This is achieved by reading a JSON object from a special environment variable, and then propagating that object all the way to all codeql invocations

This has lead to a lot of churn passing variables around. Since all that's saved is reading an environment variable and running JSON.parse, is it worth it reading it once per action and passing it around? I think it would be cleaner to just reading it when needed when running the codeql command.

setting the options through additional inputs in each codeql-action action instead of a single shell variable

I'm not sure this would be a nicer experience unfortunately. The inputs to actions are only allowed to be stirng values, so you'd still have to have encoded json in a string, in yaml. If the feature is intended to be slightly under the radar then not putting it in the action inputs seems good to me, so keeping it as an environment variable is fine.

the feature is intended for internal codeql users

I think this is unfortunately likely to be wishful thinking and not possible to enforce in reality. For users who read the code and discover the feature I agree we can be slightly justified in saying we hold no responsibility for it's behaviour and compatibilty. I'm more worried about when setting this option inevitably solves a customer issue, and then we have to keep supporting it because it's used in a customer's production build.

Thanks, but what does this feedback mean for this PR?

• It sounds like I just should move the environment variable read to its actual use sites?
• What should the environmen variable be named? Is the current CODEQLACTION_EXTRA_OPTIONS good enough, or do we want the more precise CODEQLACTION_CODEQL_EXTRA_OPTIONS?

Replies

I think it would be cleaner to just reading it when needed when running the codeql command.

It certainly be a smaller change. But do we want to rely on the command line environment so far away from the command line entry point?

I'm not sure this would be a nicer experience unfortunately. The inputs to actions are only allowed to be stirng values...

Ah. Good point.

I'm more worried about when setting this option inevitably solves a customer issue, and then we have to keep supporting it because it's used in a customer's production build.

Right. Don't we already have a record of semi-official LGTM_ environment variables though?
If the customer do reach about such a problem, I think a PR that introduces a proper action-input solution to their problem is merited. Without this environment variable backdoor, a fix would not even be possible without a new action release.

It sounds like I just should move the environment variable read to its actual use sites?

It certainly be a smaller change. But do we want to rely on the command line environment so far away from the command line entry point?

I'm not entirely sure and I don't feel all that strongly either way. I have a slight preference for reading it where needed and avoiding the extra method parameters, but I'm happy to go with whatever you want. My feelings on this are mostly because it's an environment parameter.

For this case in particular I don't think reading it deep in the code is a problem. However for things like the action inputs we will have to move those to all be read at the entrypoint. One of things we'll be working towards soon is making this run fully outside of actions and adding a CLI to it. So things that are actions-specific will need to be worked around. I don't think that affects this as it's an environment variable, but I can see we might want to take a similar approach and read it once and pass it around.

Don't we already have a record of semi-official LGTM_ environment variables though?
If the customer do reach about such a problem, I think a PR that introduces a proper action-input solution to their problem is merited. Without this environment variable backdoor, a fix would not even be possible without a new action release.

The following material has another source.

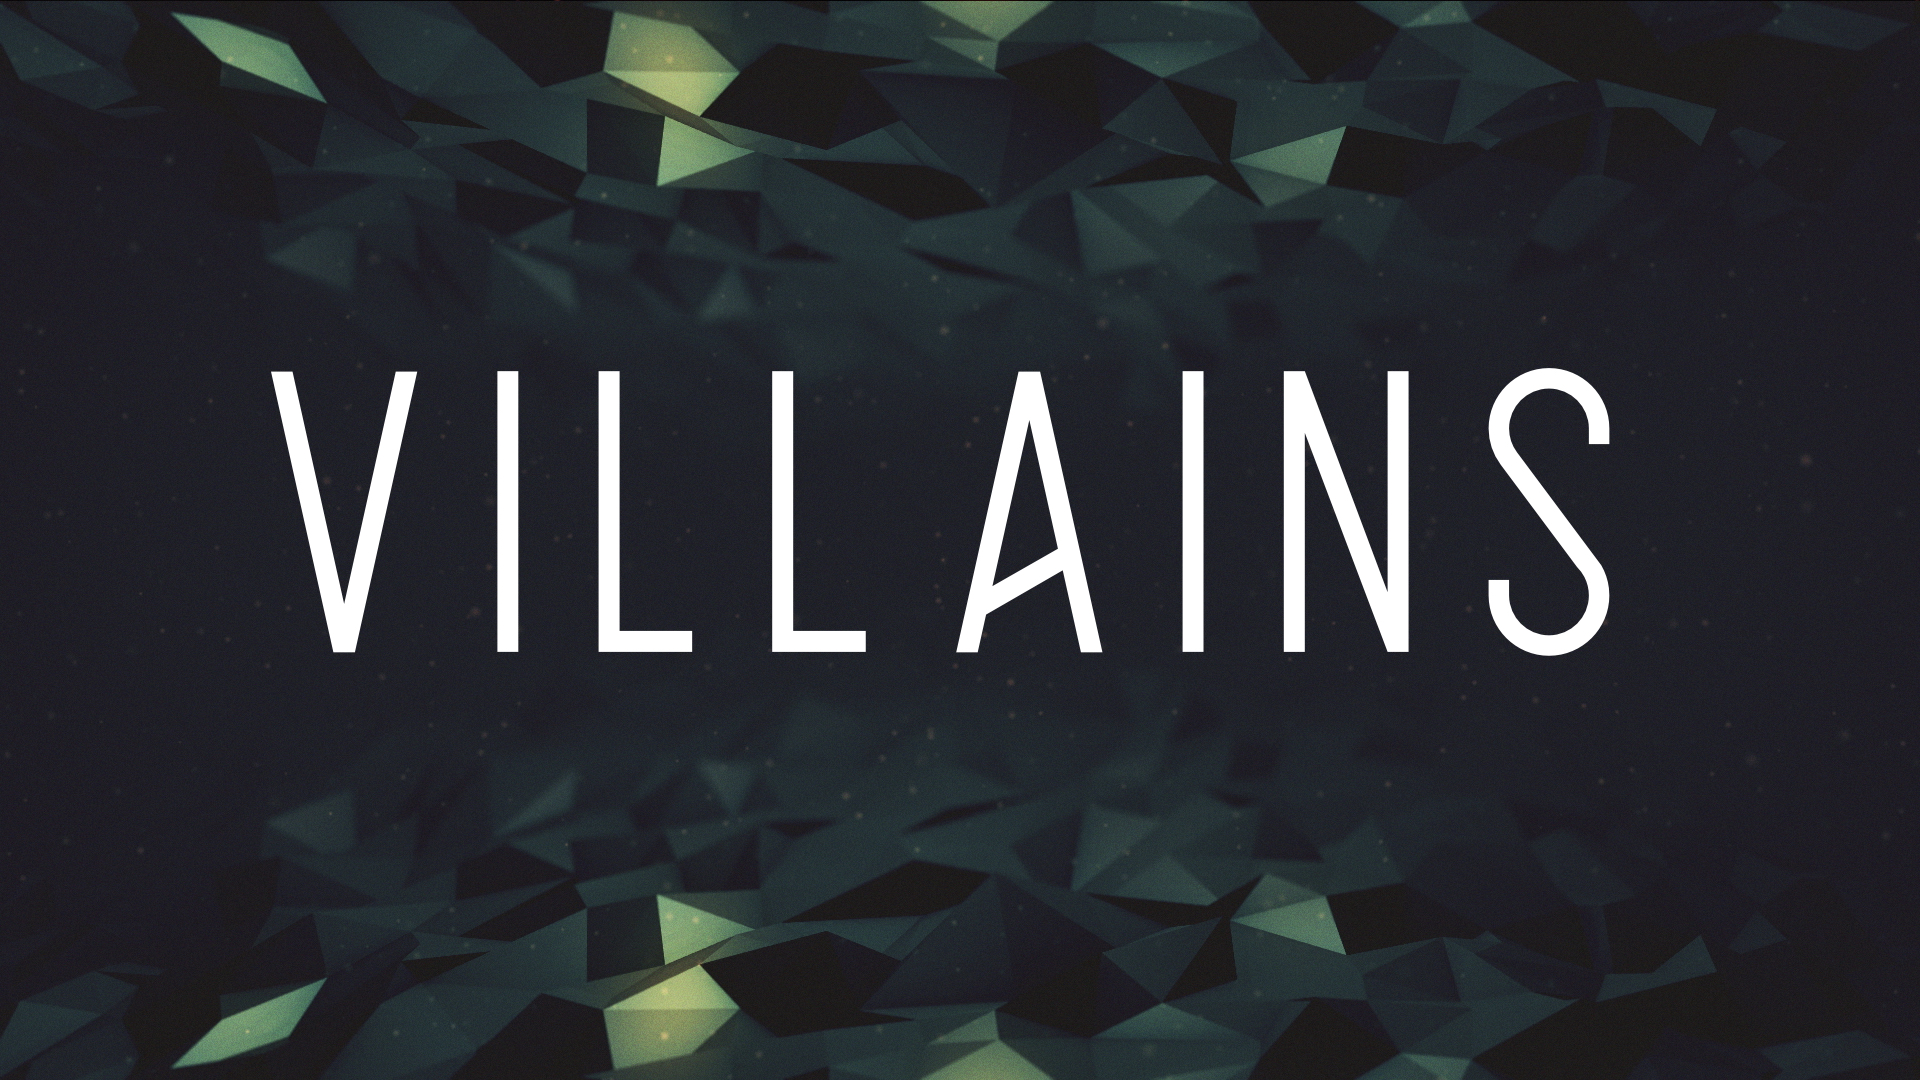 2019.06.16_VillainsTitleSlide.001.jpeg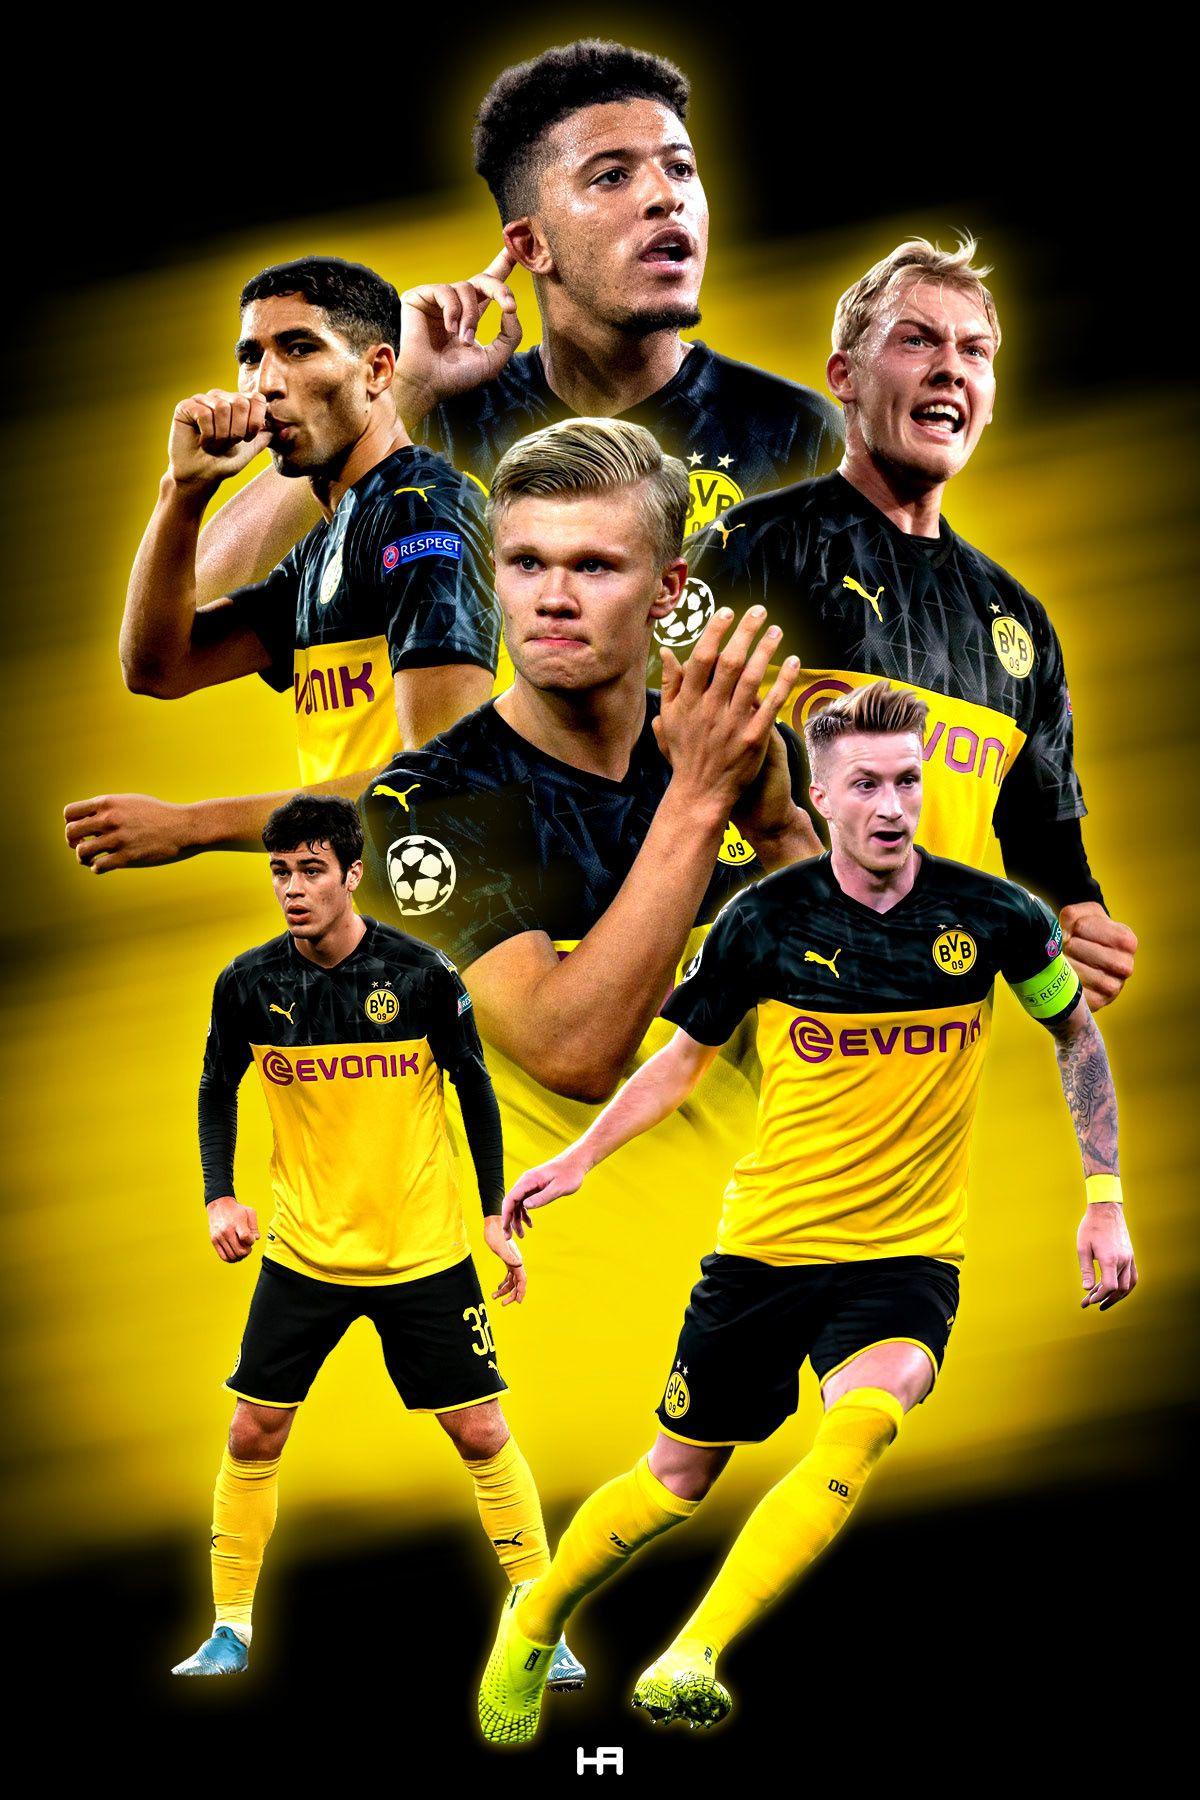 Football Edits 2020 On Behance In 2020 Soccer Guys Soccer Photography Football Wallpaper

I don't think we have any semi-official LGTM_ environment variables. If you mean the LGTM_INDEX_INCLUDE and friends then we do use those but users aren't expected to know about them or set them themselves. We set them by interpreting the paths and paths-ignore config properties. So that would be an example of what you mean of making it official by giving it an action input. I think we can do that in the future though and don't have to do it right now.

Sorry I forgot to reply to this one

What should the environmen variable be named? Is the current CODEQLACTION_EXTRA_OPTIONS good enough, or do we want the more precise CODEQLACTION_CODEQL_EXTRA_OPTIONS?

There isn't really any precedent for this. I think call it whatever you want. I suppose CODEQLACTION_CODEQL_EXTRA_OPTIONS is the most descriptive, if you can accept having a name that long.

All comments addressed. Rebased to resolve compile conflict in codeql.ts

Rebased to resolve the compile conflict. Merging since green.